According to a 2016 study that interviewed 14 slaughterhouse workers, adjusting to work in a slaughterhouse is “inevitably traumatic” due to both the process of killing and the bloody and grotesque workplace conditions. When joining a slaughterhouse, most workers go through an initial period of shock, horrified by the carcasses, organs, faeces, and blood that makes up their workplace. Over time, many workers use dissociation as a method of coping. Others turn to alcohol or drugs to numb the pain. Others quit and are quickly replaced with a fresh-faced victim. 

“You feel like part of a big death machine. Pretty much treated that way as well. Sometimes weird thoughts will enter your head. It's just you and the dying chickens. The surreal feelings grow into such a horror of the barbaric nature of your behaviour.” - Virgil Butler, former slaughterhouse worker in an entry on his activist blog

This terror has a name: trauma. More specifically, Perpetrator-Induced Traumatic Stress, or PITS. According to psychiatrist Dr. Chi-Chi Obuaya, this form of trauma does not arise from a single event, but rather the forced repetition of monotonous, cyclical instances of trauma. PITS, compared to PTSD, is less likely to cause recurring ‘relivings’ of the event, and more likely to cause self-loathing and loss of identity, in conjunction with other symptoms. 

Image courtesy of Rendy Novantino on Unsplash

One of the most gruelling aspects of Mauricio Pereria’s experience was this repetition. “Every day, I take the hooves off calves and suck out spinal cords,” he writes in his book, “hundreds of cattle, every day.”

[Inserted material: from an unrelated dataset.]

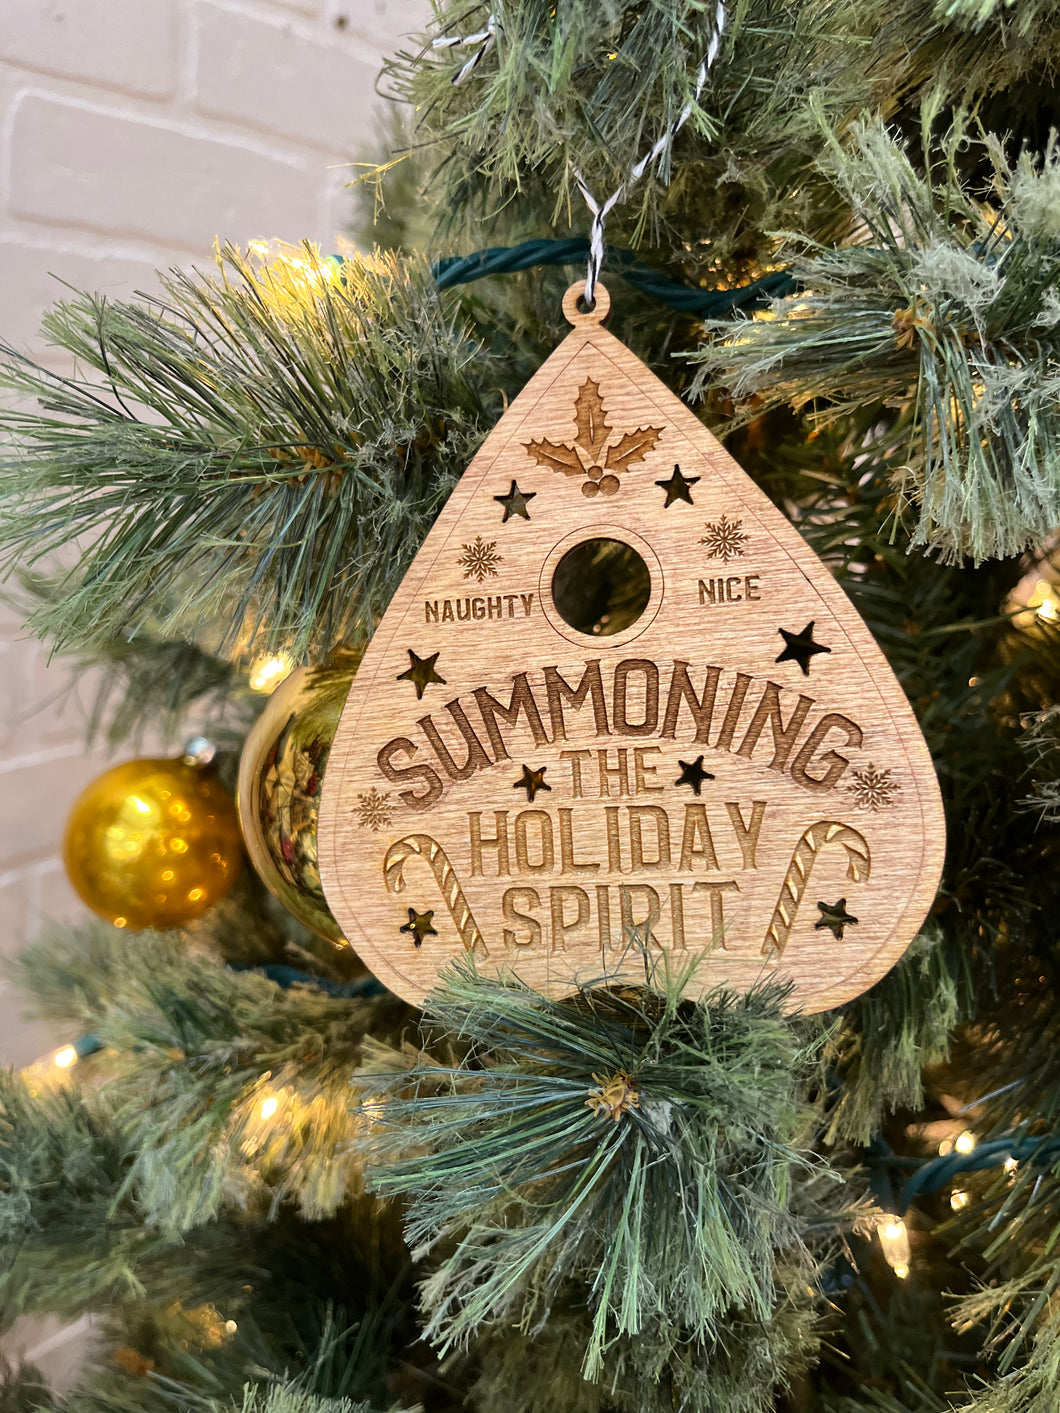 Summing the Holiday Spirit Ornament

The average person finds the idea of killing an animal that does not wish to die reprehensible. This is, of course, understandable: farmed animals are intelligent and kind creatures, most frequently seen in cute animal videos shared on social media. Cows, incredibly social and playful animals, are known to cry out for their young when they become aware of what is happening; Pigs are known to scream. 

But ignoring the violence behind meat production doesn’t make it go away. Instead, the consumer pushes that burden of unwanted violence onto slaughterhouse workers, most of whom would be unwilling to do their job unless forced to. It’s an offset. A trauma offset. 

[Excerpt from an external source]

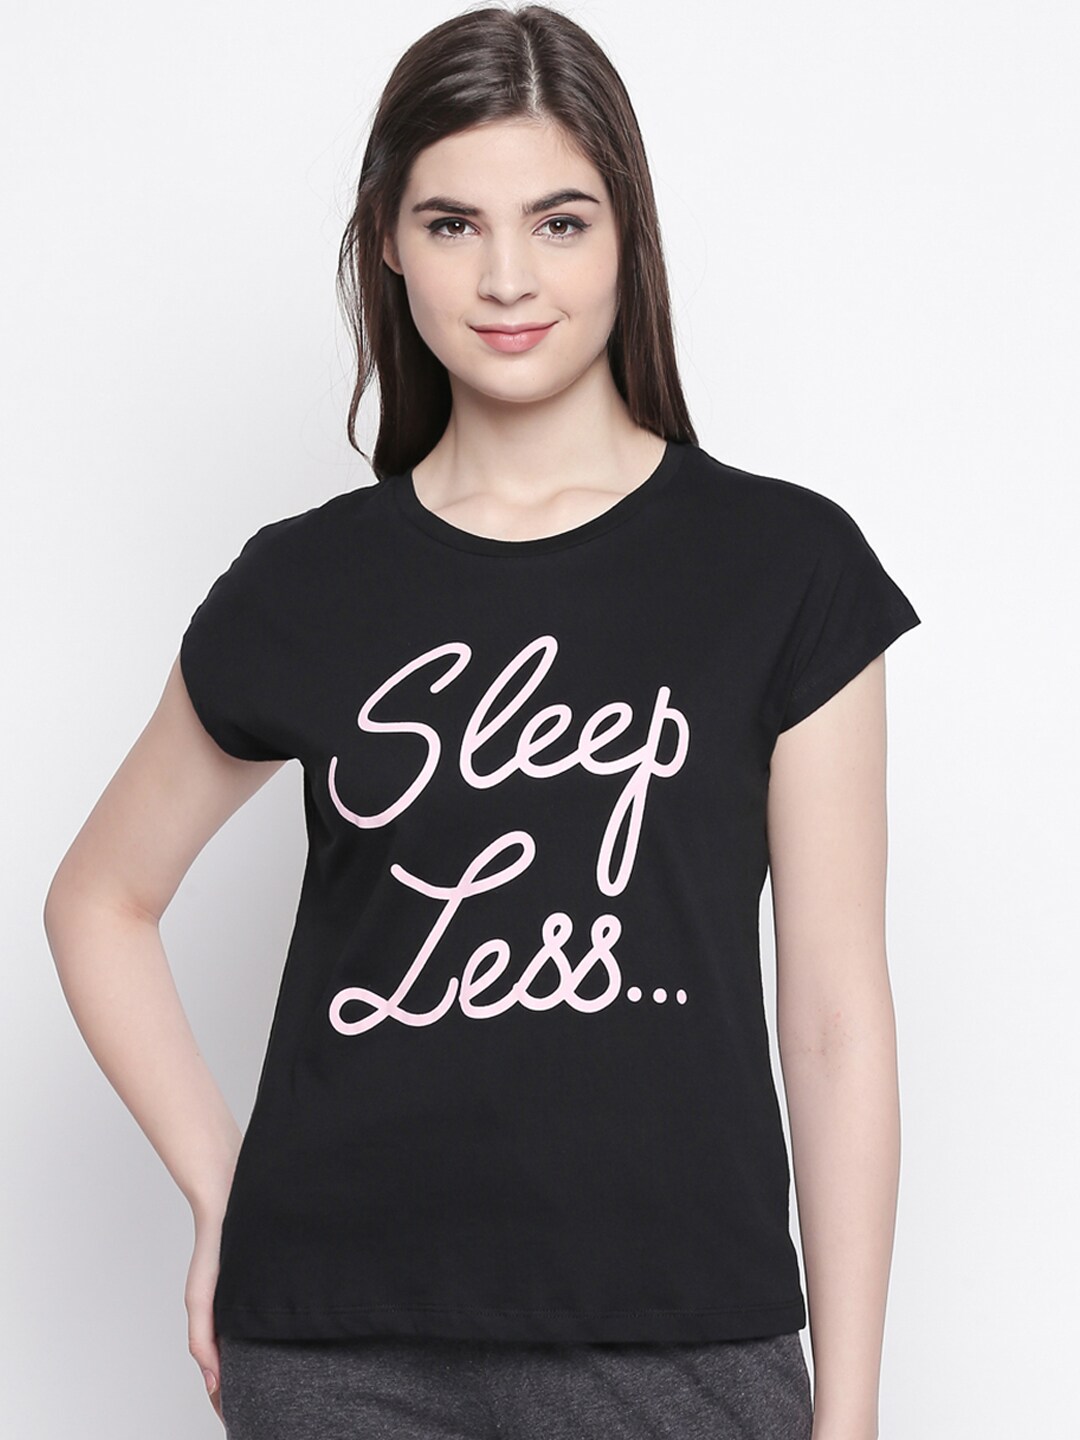 Dreamz by Pantaloons Women Black & Pink Printed Lounge T-shirt Price in India

“The worst thing, worse than the physical danger [of on-the-job accidents] is the emotional toll. Pigs down on the kill floor have come up and nuzzled me like a puppy. Two minutes later I had to kill them – beat them to death with a pipe. I can’t care.” - Ed Van Winkle, former slaughterhouse worker speaking at a Tyson Shareholders Meeting

Unlike other industries with massive workplace abuse, like Amazon warehouses or sweatshops, Mauricio Garcia no longer believes the meat industry is capable of being reformed; the act of killing is too cruel to make it psychologically tenable for any workers. This is of course, without mentioning the ethical concerns of animal subjugation and the devastating environmental impacts

The meat industry operates to feed consumer desire, but this desire can, over time, be redirected. In this way, there is power in consumerism. Individuals can lower or eliminate their meat consumption by switching to plant-based meat alternatives which are becoming more plentiful and cheaper by the day. They can also contribute to large-scale reform, such as Transfarmation (which seeks to assist agricultural workers as they shift from meat to plants) or Meeat (which helps meat processing plants pivot into, well, plant-processing plants).

Reform necessitates both a change in public perception about what is acceptable and a large-scale movement towards a more humane system. Both avenues are critical for improving the safety and well-being of workers in the agriculture industry, ensuring a more humane and equitable food system for all.